Exercise goal => Transcribe each line of the material as it is, and drop any picture.

---------- Provided material ----------

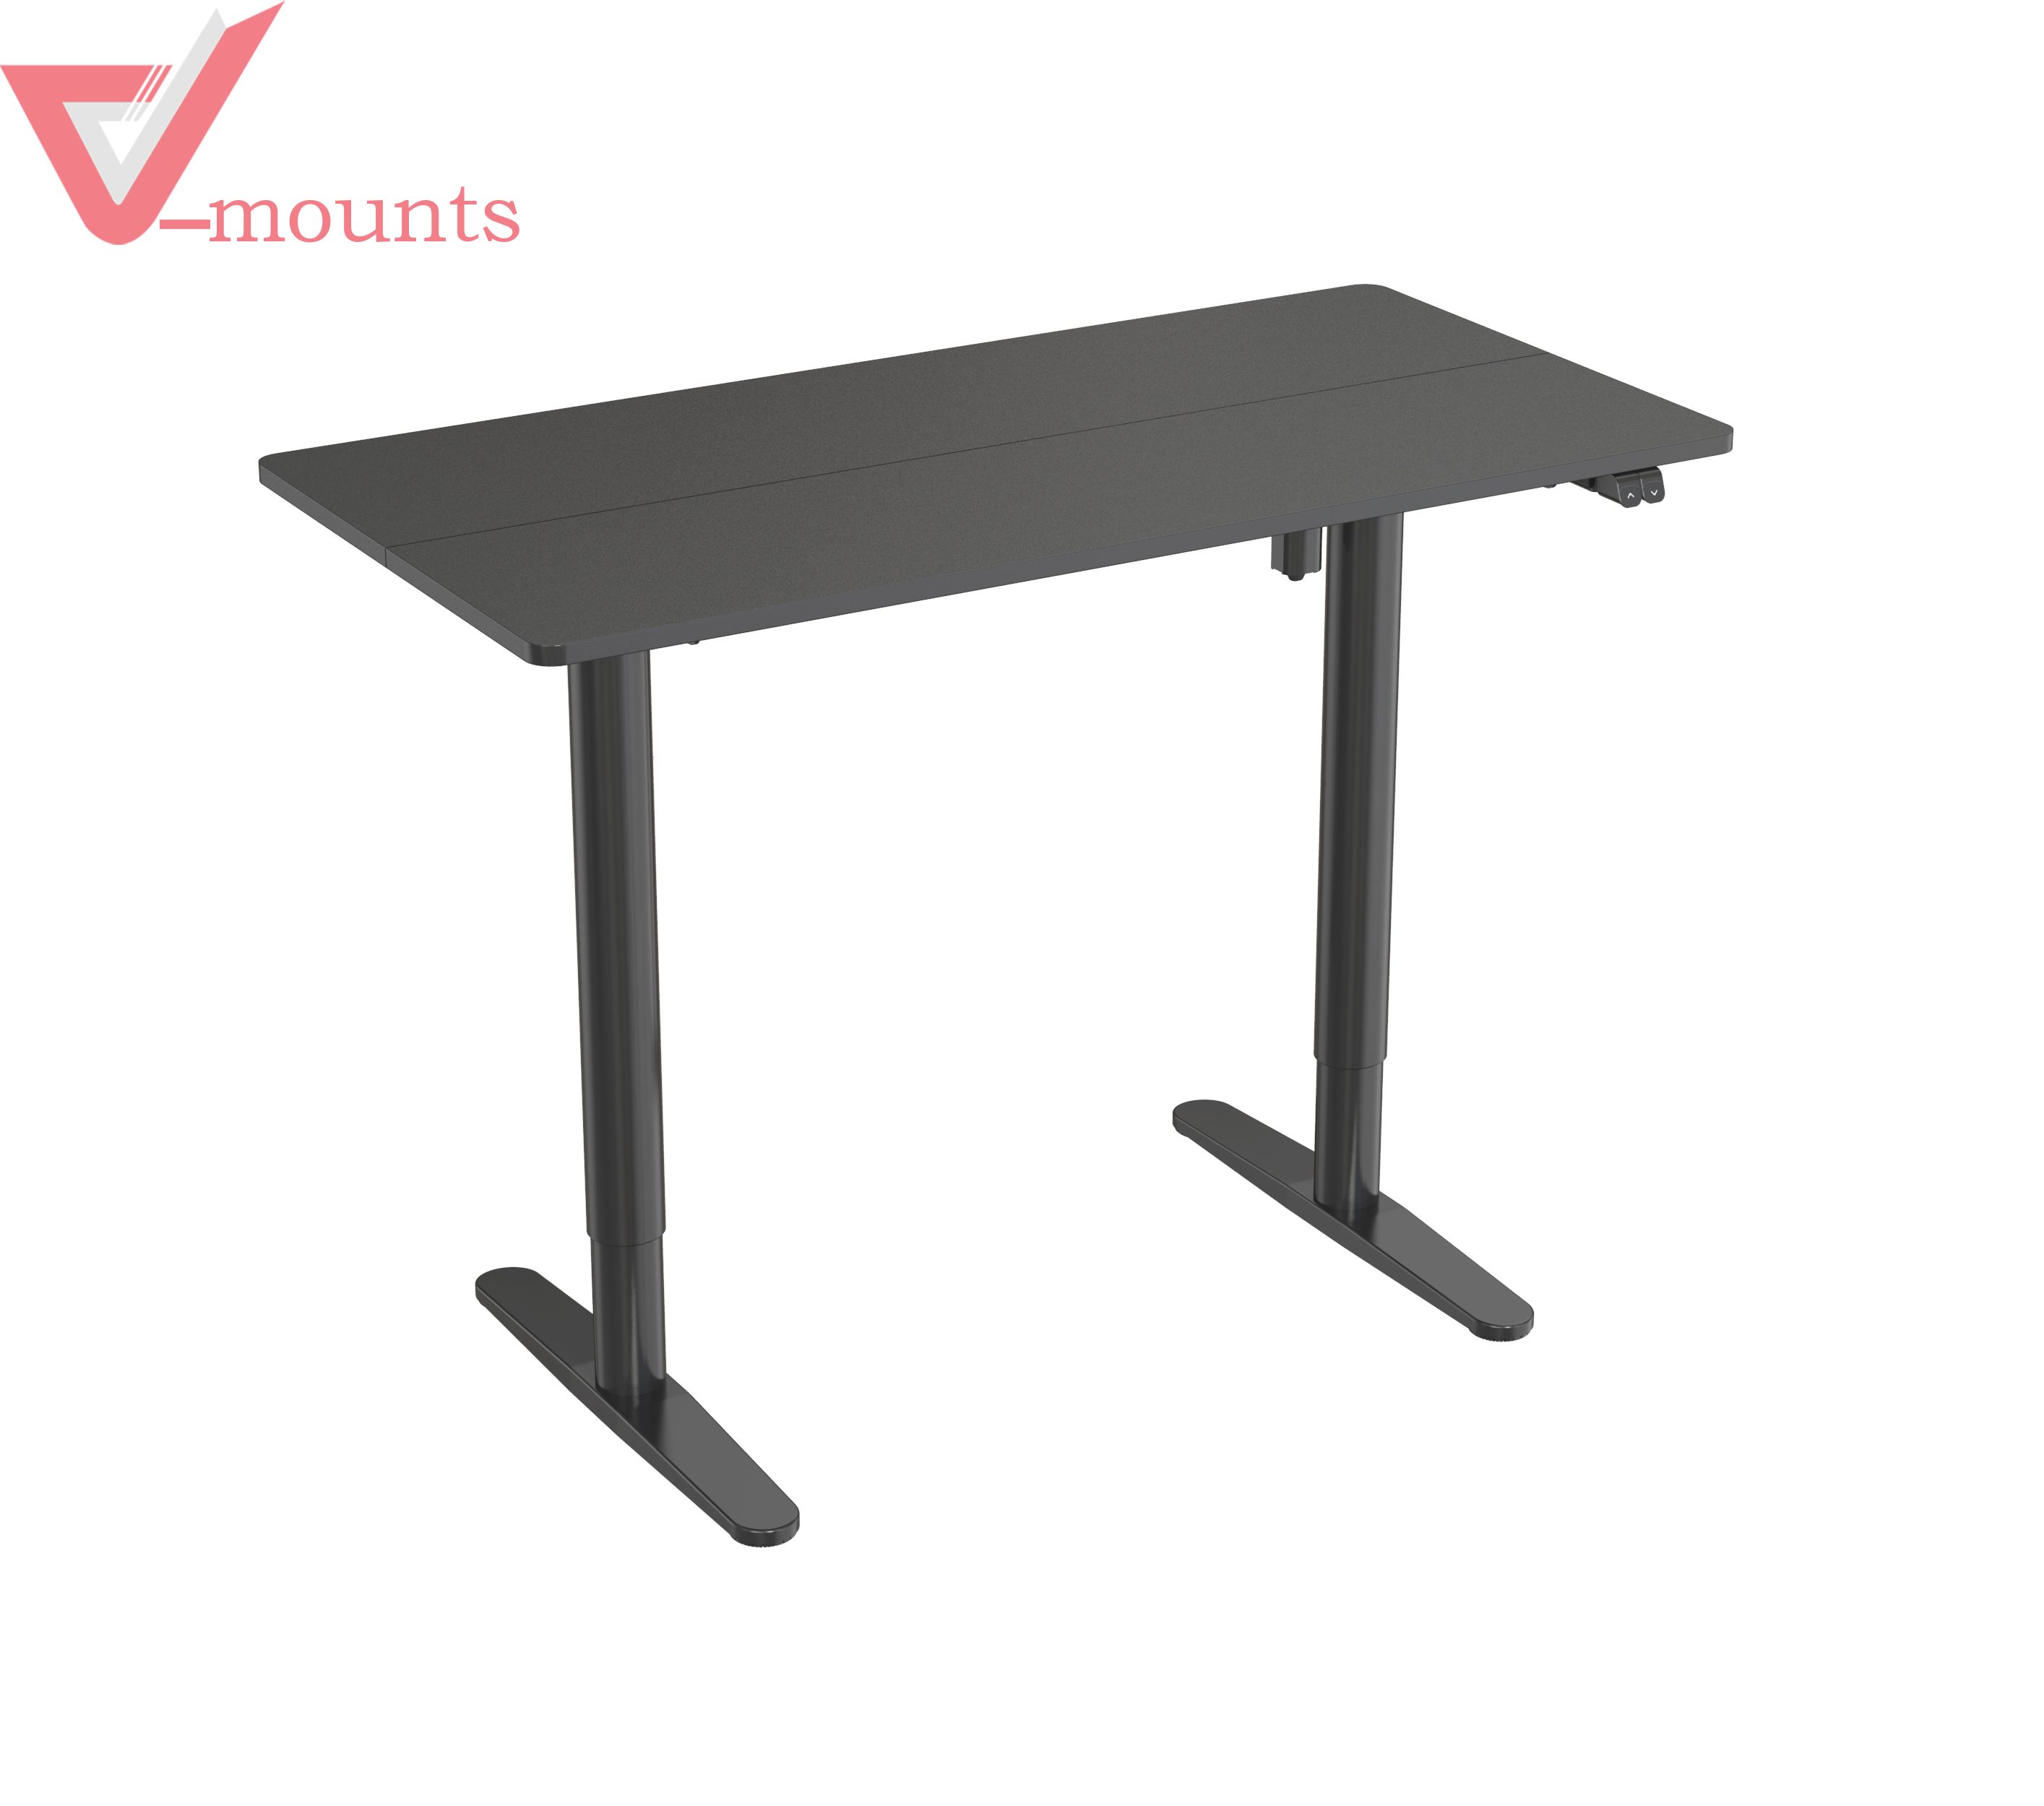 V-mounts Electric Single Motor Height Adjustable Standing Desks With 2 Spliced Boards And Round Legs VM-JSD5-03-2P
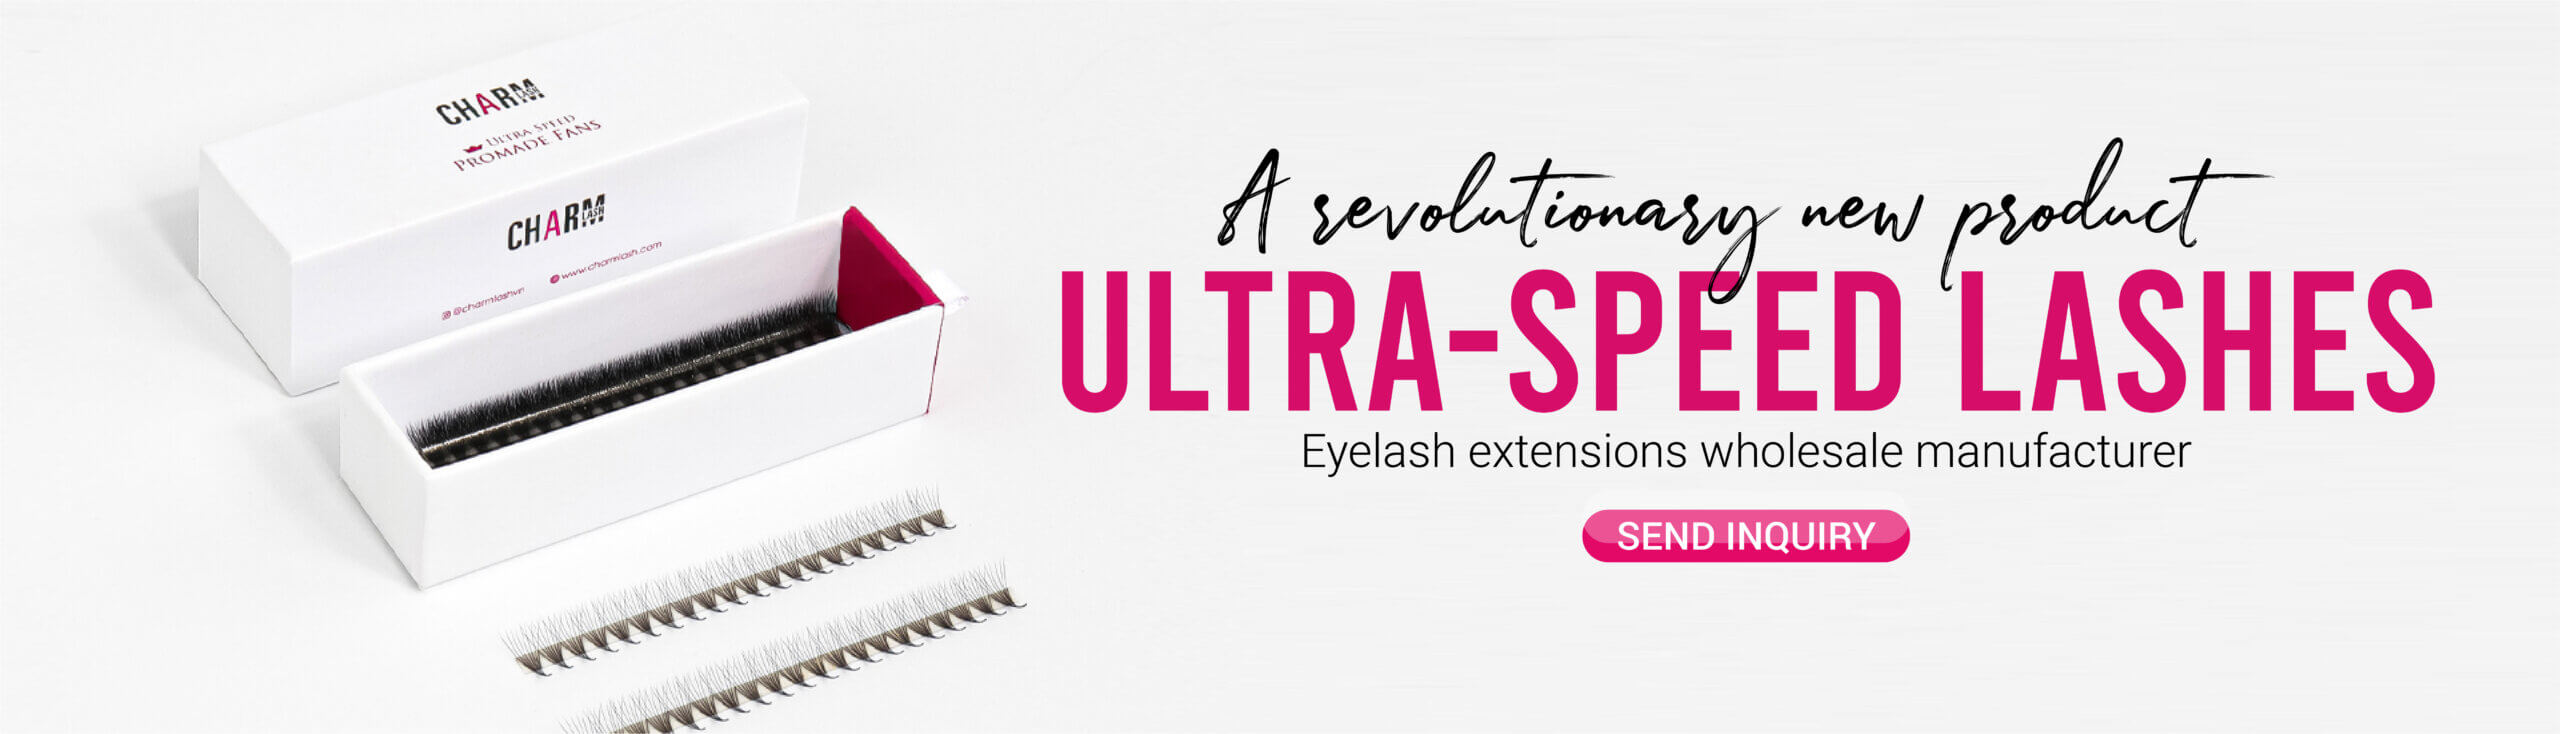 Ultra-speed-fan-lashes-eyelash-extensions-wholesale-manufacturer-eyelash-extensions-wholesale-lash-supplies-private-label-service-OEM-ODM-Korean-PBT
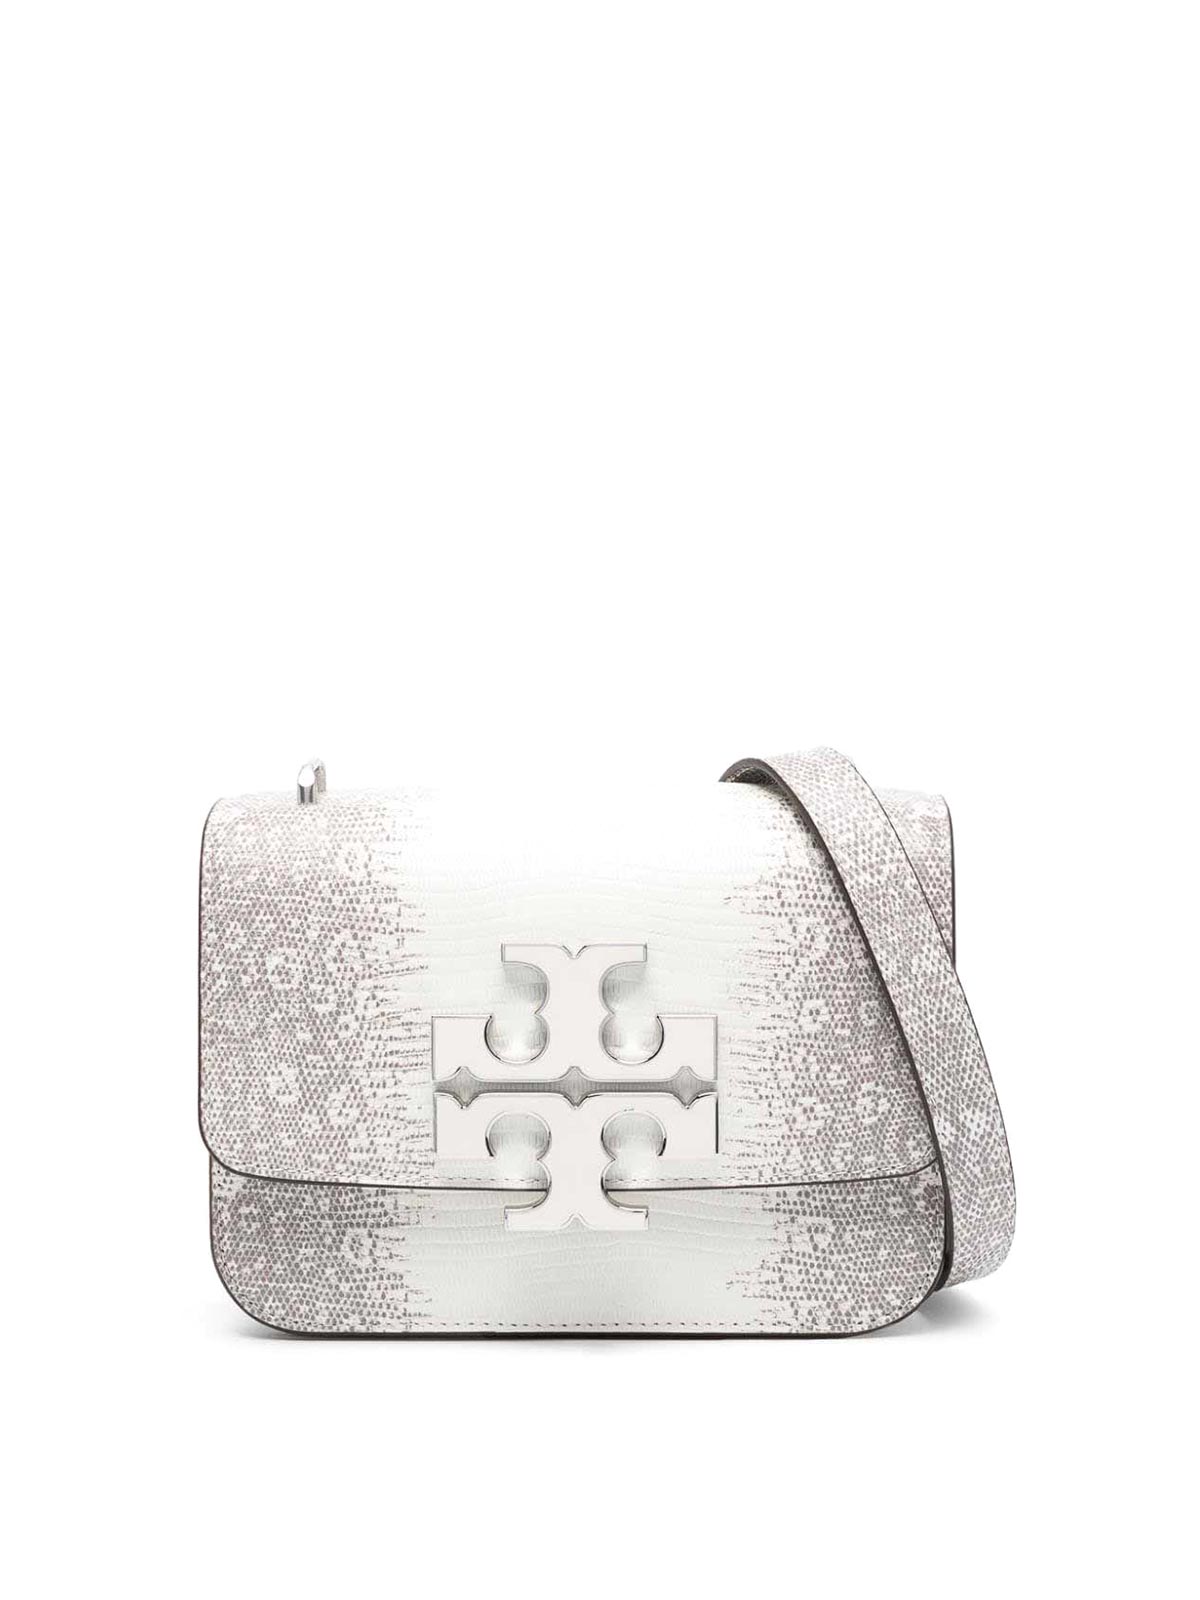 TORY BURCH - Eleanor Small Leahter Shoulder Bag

----------

Output for this exercise =>
 V-mounts Electric Single Motor Height Adjustable Standing Desks With 2 Spliced Boards And Round Legs VM-JSD5-03-2P
 Ultra-speed-fan-lashes-eyelash-extensions-wholesale-manufacturer-eyelash-extensions-wholesale-lash-supplies-private-label-service-OEM-ODM-Korean-PBT
 TORY BURCH - Eleanor Small Leahter Shoulder Bag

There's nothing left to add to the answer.